宿で朝食を済ませ、両替しようとホテル・サマルカンドに足を運ぶ。外見は立派だが、中は何だか暗い雰囲気。ガイドブックには「郵便もこのホテルで」と書いてあったが、中に郵便局がある訳ではなく、手数料を払って投函の代行をお願いするというものだった。
グリ・アミール廟へ。タジク語で"支配者の墓"を意味し、ティムールはじめ、帝国を統治した帝王が眠る霊廟だ。外観も立派だが、廟内部もとても美しい。青を基調とした壁が金箔で覆われ、ドーム中央に墓石が並ぶ(写真)。真ん中の黒い石がティムールのもので、周りをティムールの教師ベルケ、息子のシャー・ルフ、孫のウルグ・ベク等々の墓石が囲んでいた。
しばらく見とれていると、管理人のおばちゃんが「地下の墓を見に行かないか」と声をかけてきた。地上の墓石は実は墓の位置を印したもので、実際の亡骸は地下の墓室に葬られているらしい。1000スムで見せてもらうことに。小さな墓室の中にも、全く同じ配置で石が並んでおり、コーランのような文字が書かれていた。おばちゃんは写真を薦めてきたが、お祈りだけにしておいた。この墓にはこんな伝承があるのだ。「何びともこの墓を開く者は我より恐ろしき者に打ち倒されるであろう」。1941年、旧ソ連の学者達によってこの墓が開けられた翌日、ヒトラーが独ソ不可侵条約を破り、ソ連に侵攻を開始したのである…。
地上の廟で中央アジアの歴史を読んだ後、昼食へ。プロフというピラフ料理をウズベク人と相席して食べたのだが、このウズベク人がしきりと話しかけてくる。言葉が通じないのを不思議がっていたが、周りの人が旅行者だと伝えてくれて納得したようだ。食後に一緒にお祈りをしようと言われたのは分かった。何だかすごく雰囲気のあるオッチャンだった…。
レジスタン広場(写真)へ。向かって右からシェルドル・メドレセ、ティラカリ・メドレセ、ウルグベク・メドレセと3つの神学校に囲まれた美しい広場だ。サマルカンドは"青の都"、"イスラム世界の宝石"、"東方の真珠"などと呼ばれるが、その象徴ではないだろうか。ここサマルカンドは、文化交差路として世界遺産にも登録されている。
シェルドルとは"ライオンが描かれた"という意味で、このメドレセの入口アーチには、偶像崇拝を否定するイスラムの教義に背き、ライオン(虎に近い)(写真)が描かれている。支配者が権力を誇示するためだったそうだ。

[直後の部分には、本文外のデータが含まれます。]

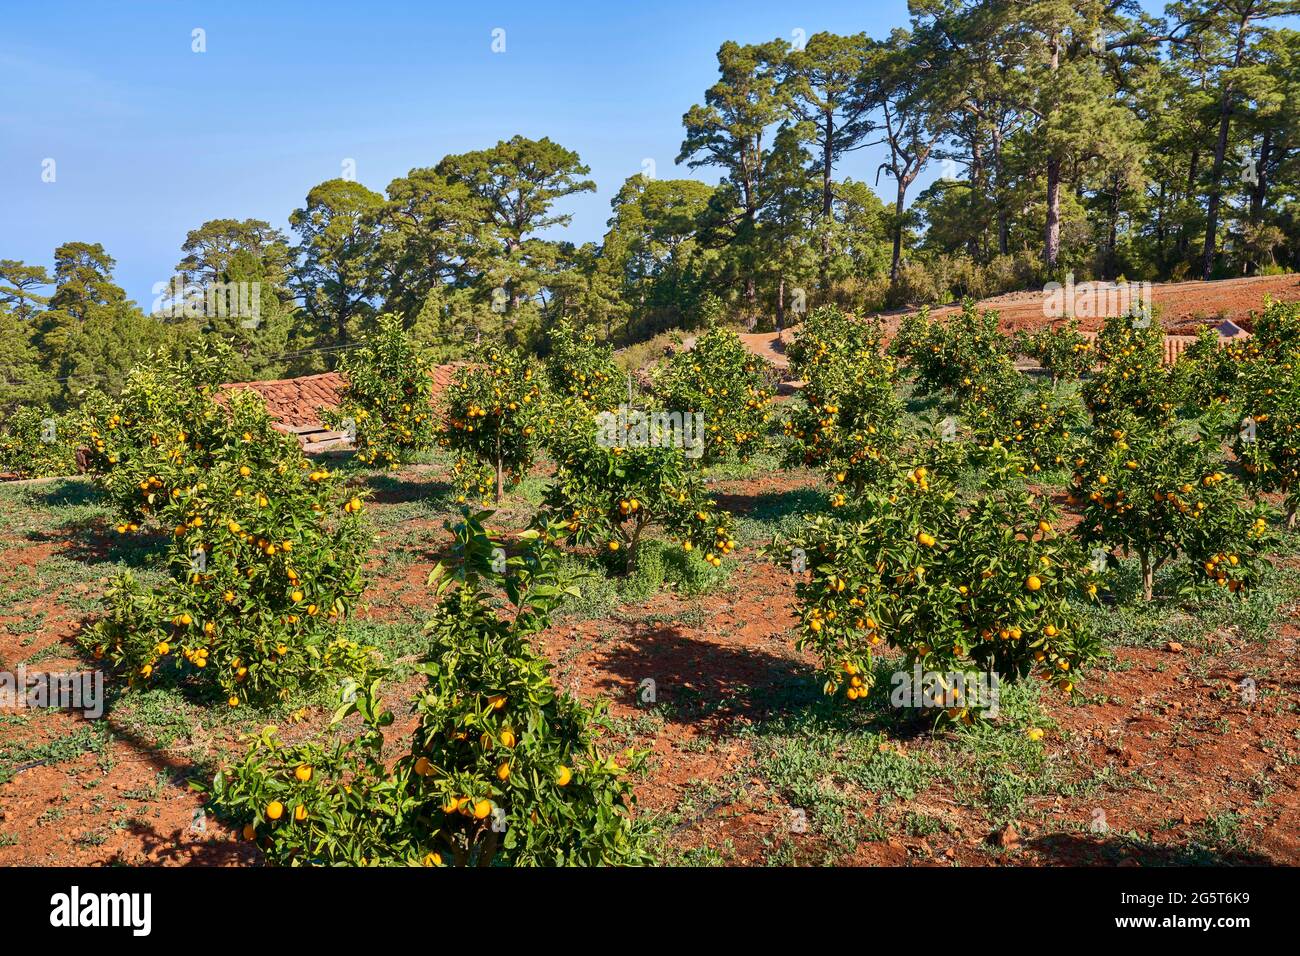 La vecchia pineta alta è stata tagliata per piantagione con agrumi, Isole Canarie, la Palma, Punta Gorda Foto Stock
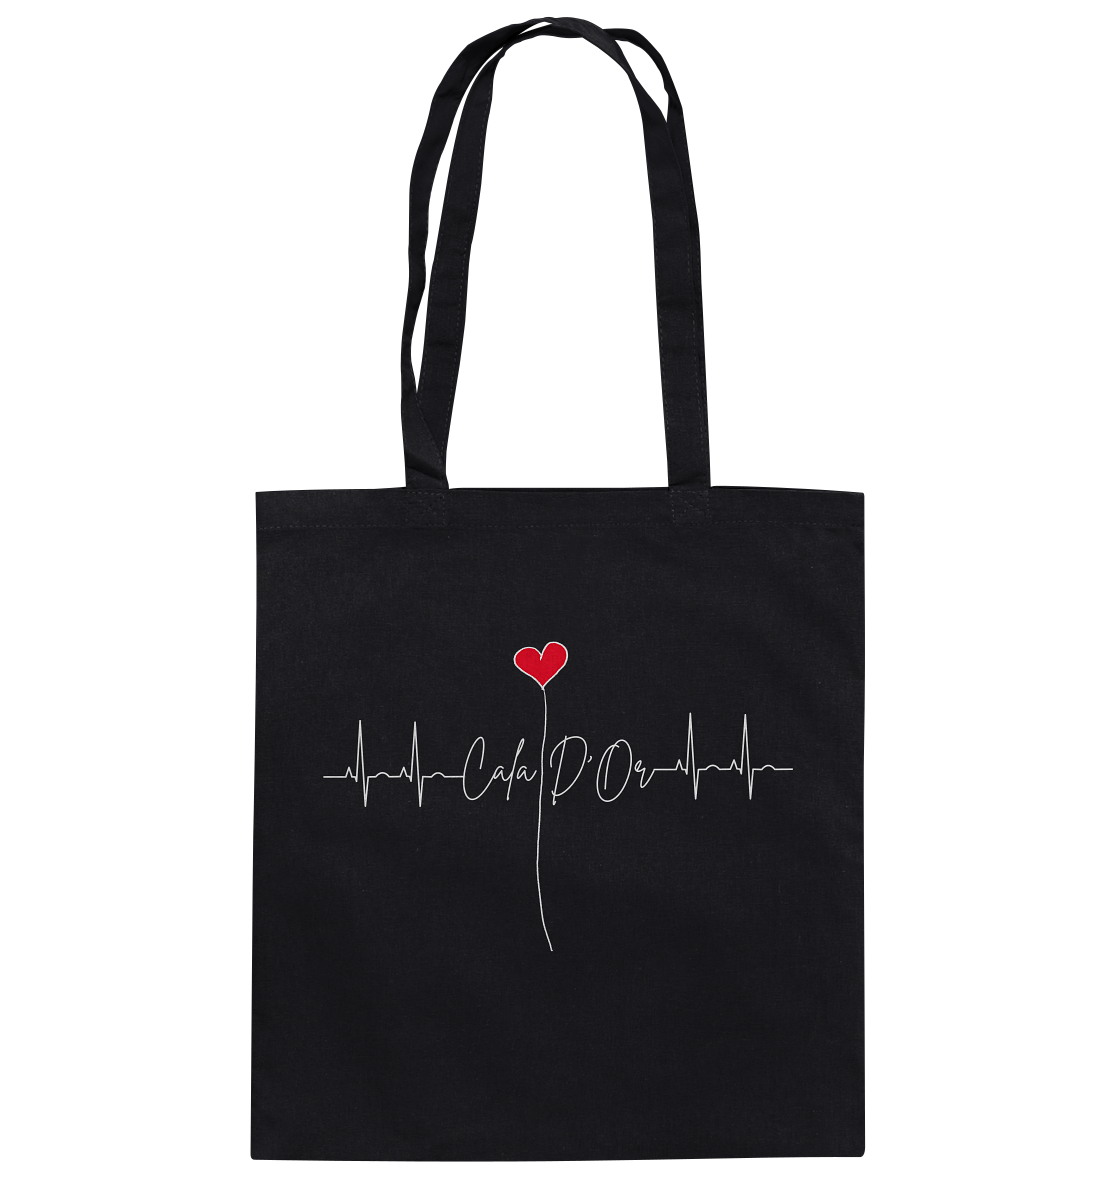 Schwarze Baumwolltragetaschen mit weißer Aufschrift Cala D'Or und einem Herz

一方、ティラカリは"金箔された"を意味する。ここの礼拝所は圧巻!!! 特に天井の美しさ(写真)はため息が出る程だ。そして、何より壮大な建物に刻まれた美しい幾何学模様、ティムールの色とも呼ばれる青。トゥルクメニスタンまで行くというアメリカ人旅行者と話しながら、ずっと眺めていた。
夕方になり涼しくなってきた頃合を見計らって、ビビハニム・モスク、バザール、そしてシャーヒズィンダ廟群(写真)へ向かった。ここは、今でも巡礼者が絶えないサマルカンド随一の聖地。細い道の両脇にモスクや廟が一直線に立ち並び、さながら死者の通り。あまり修復されていないため、ひなびた感じを受けるが、雰囲気がとてもいい。サマルカンドで気に入った場所の1つである。
夕食後、レジスタン広場へ。ショーがあると聞いていたからだ。開始直前、警備員らしき人が金を要求してきた。そこまで興味はなかったので少し離れた所から眺めていたが、いきなり日本語が流れてきた。ライトアップはされるが、幼稚なストーリーに興醒め。
宿に戻ってシャワーを浴びた後、何か飲み物をもらおうと宿の子供に尋ねると、ビールがあった。お母さんは、つまみにとスイカを切ってくれた。家庭的な雰囲気で本当に居心地がいい宿だ。